Saturday, November 12, 2005

The new Hamm's Shotgunning Championship Belt

Thursday, November 10, 2005

Apparently SJU and UST now play for a Traveling Trophy called the Holy Grail... note the little crosses on it.

The Holy grail is then passed around to all the freshmen on each campus to drink Hamm's from it and be merry.

Wednesday, November 09, 2005

Institution of higher learning or cattle barn?

Being a fairly recent graduate of St. John's University, I like to stay abreast of what is happening on campus. Usually this involves knowing who the Johnnies will destroy next in football, when homecoming is/was, profs that are retiring/taking other jobs... stuff like that.

That was until about a week ago when I learned that Life Safety, SJU's rent-a-cops (think Barney Fife + 200 lbs in Aviator sunglasses on an ego trip), requested more funding from the school to buy Tasers!!! Yes, Tasers those devices that police use to bring down armed assailants using several hundred volts of electricity.

These devices are so powerful and controversial that they are illegal to use on animals in several states, yet campus security wants to use them on students.

Life Safety is also in charge of the campus Emergency Medical Response Team (EMT's) and their budget. Last year at graduation, the SJU EMT's did not have enough wheelchair's for the handicapped friends and family of the graduates. In stead of spending money to buy them or even rent them Life Safety's response was to borrow wheelchair's from the Monastery while some monks sat in bed all day with no means of mobility!

We don't have enough wheelchair's to allow all handicapped people on campus to be mobile at the same time. In stead of requesting more money to cope with that problem (Life Safety requested $0.00 in funding increase for the EMT's), let's buy stuff so undertrained overweight wannabe cops on power trips can electrocute the hell out of students.

Is Life Safety trying to run an institution of higher learning or a cattle barn?

Wednesday, November 02, 2005

Hooters vs Prudes

Many people around this great country of ours have at least once had the pleasure of walking into a Hooter's Restaurant and enjoying the tasty hot wings while sipping on a cold beer.

Hooter's wants to bring their Delightfully Tacky yet unrefined approach to the "Block E" section of downtown Minneapolis. Apparently Blocks A-D fizzled out...

A local feminazi, Colleen Barry, is opposed to the idea saying "Since they built Block E based on getting some drugs and some not-good stuff out of this area, why put it back in?"

Yes, Colleen, Hooters sells cocaine and meth and if you tip your waitress well, you might even score some Extasy.

What Hooters has this woman been to?

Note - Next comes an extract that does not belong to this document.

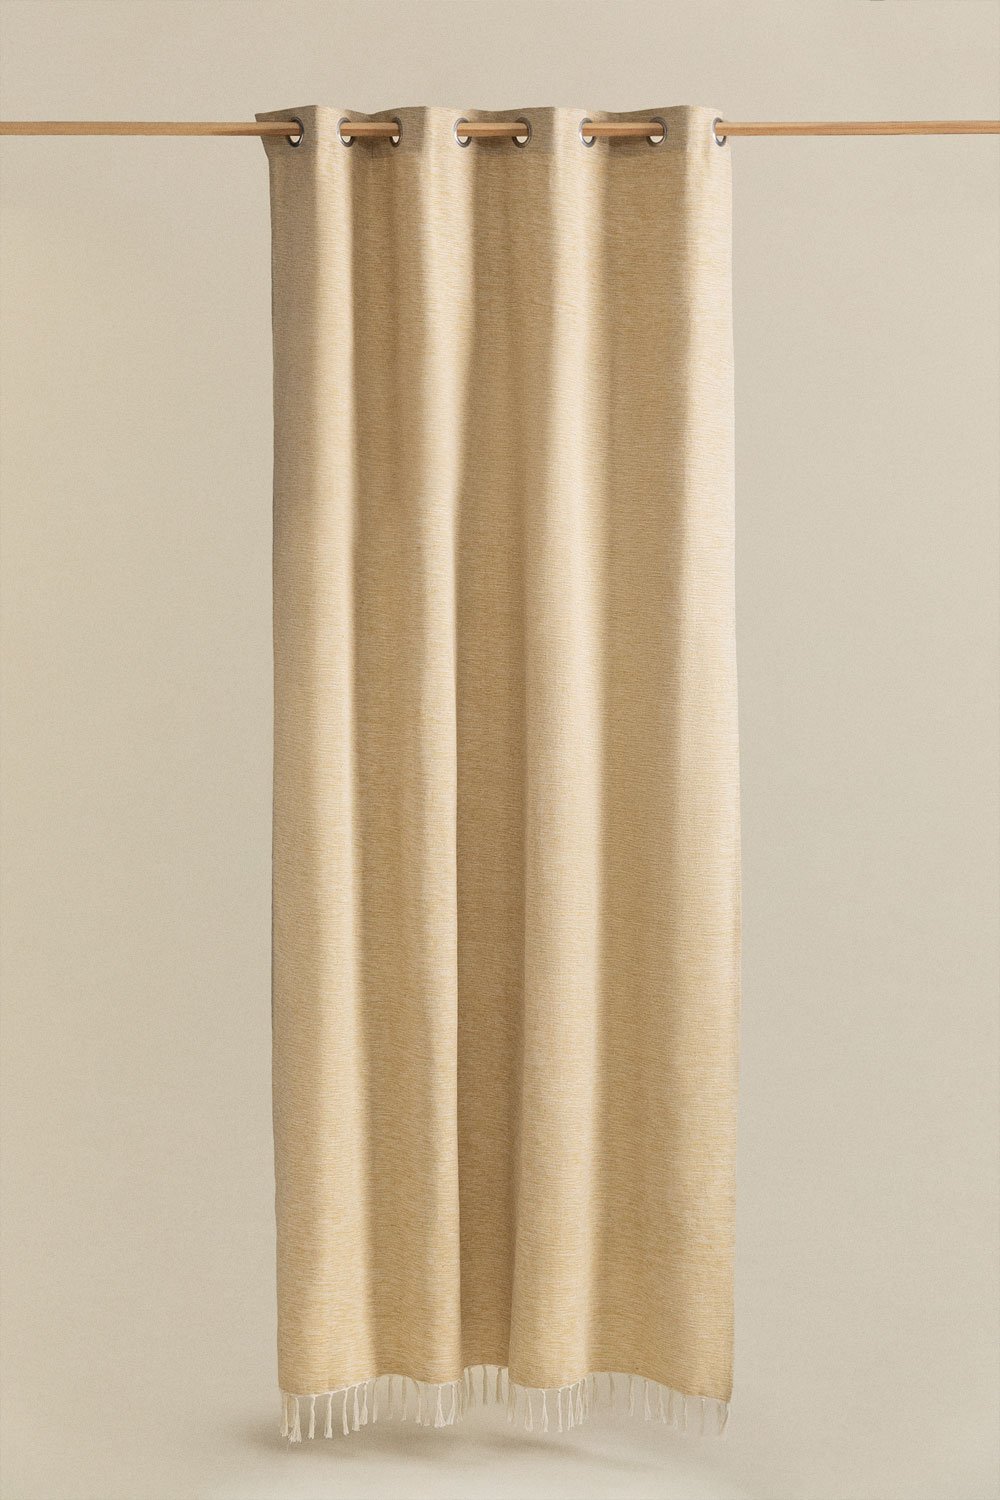 Tenda in cotone (140x260 cm) Manami, immagine della galleria 1

I've only been to 3 different Hooters' and I was never offered drugs... do I not look cool enough?

What exactly is the "not-good stuff" she wishes to keep out of this area? Good looking women? Great hot wings? People who want to eat good food? Beer? A restaurant that will draw people in who will likely look at other shops and but stuff while they are there?

Lets look at the "Good stuff" that is currently in "Block E":

Jewel Spa- women come and strip down to next to nothing and allow people they have never met to touch them all over... and you're worried about Hooters' girls being scantily clad?

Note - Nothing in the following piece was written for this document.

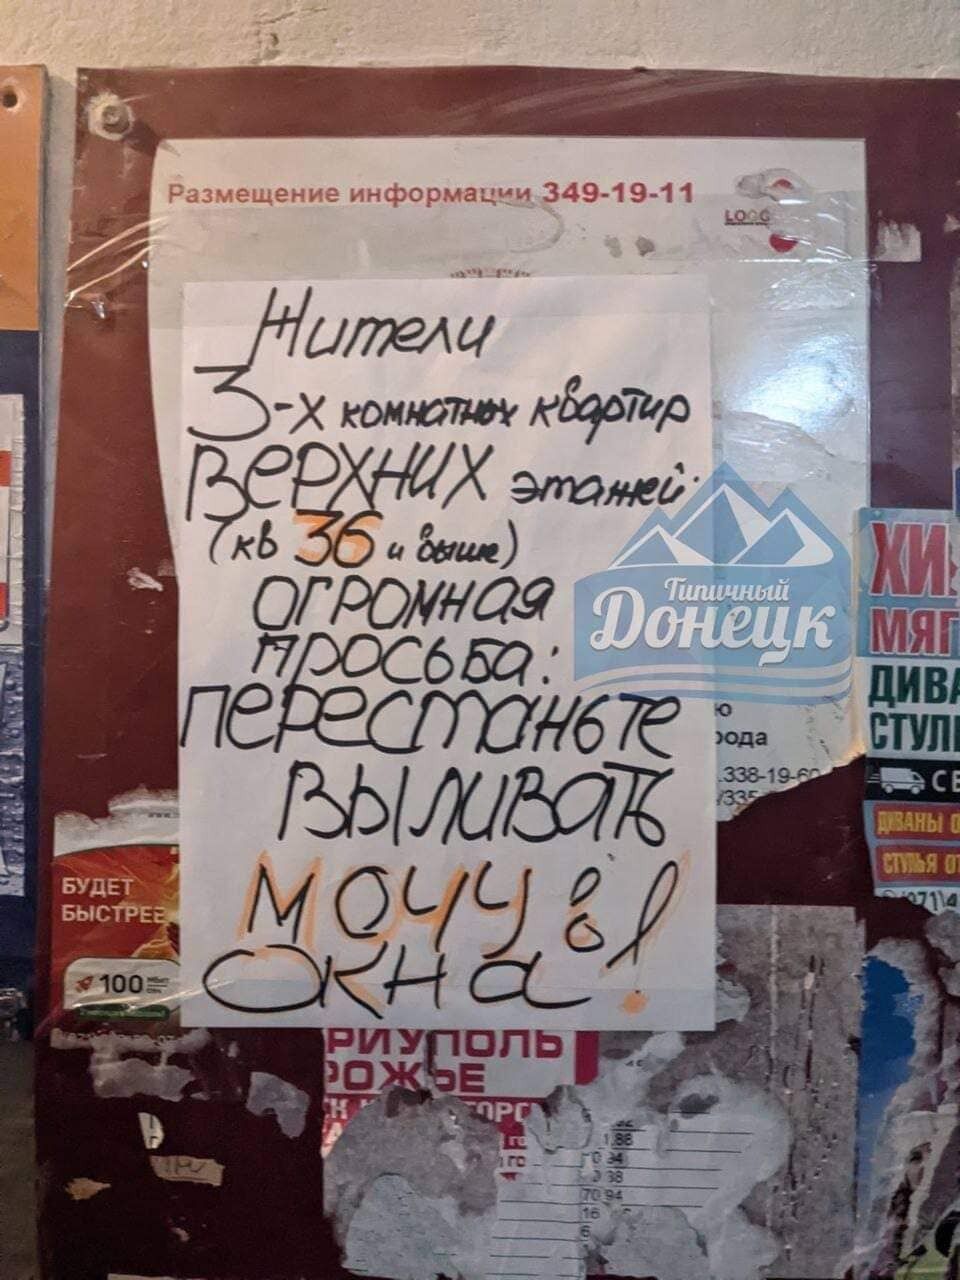 Такі оголошення можна побачити у Донецьку.

Panchero's Mexican Grill: Immitation Chipotle that isn't even close...Panchero's should be banned from existence and Chipotle's should be built in all of their current locations

Escape Ultra Lounge: A bar/nightclub that looks like it was designed by and for people tripping on Extasy.

The Shout House: Another place that serves alcohol as their primary means of income... at least Hooters sells food!

Starbucks': The very symbol of everything that is wrong with America

Cold Stone Creamery: A place that sells icecream so fattening they won't even let you see the calorie or fat content.



Summery: Hooter's won't be bringing alcohol into Block E, it already flows there freely. Hooters' won't be immitating any superior restaurants (Panchero's seriously sucks a lot, doesn't even compare to Chipotle who I recently e-mailed about opening a store in Des Moines), they won't be producing 1000+ calorie ice cream bowls, and they won't be selling overpriced over-caffinated drinks to hippies.

I guess this means the only thing new Hooters' is bringing to Block E is scantily clad attractive women... because as we all know, there aren't any drunk hoochies wearing miniskirts at a night club called the Escape Ultra Lounge.

I think Colleen is just jealous... damn Feminazi!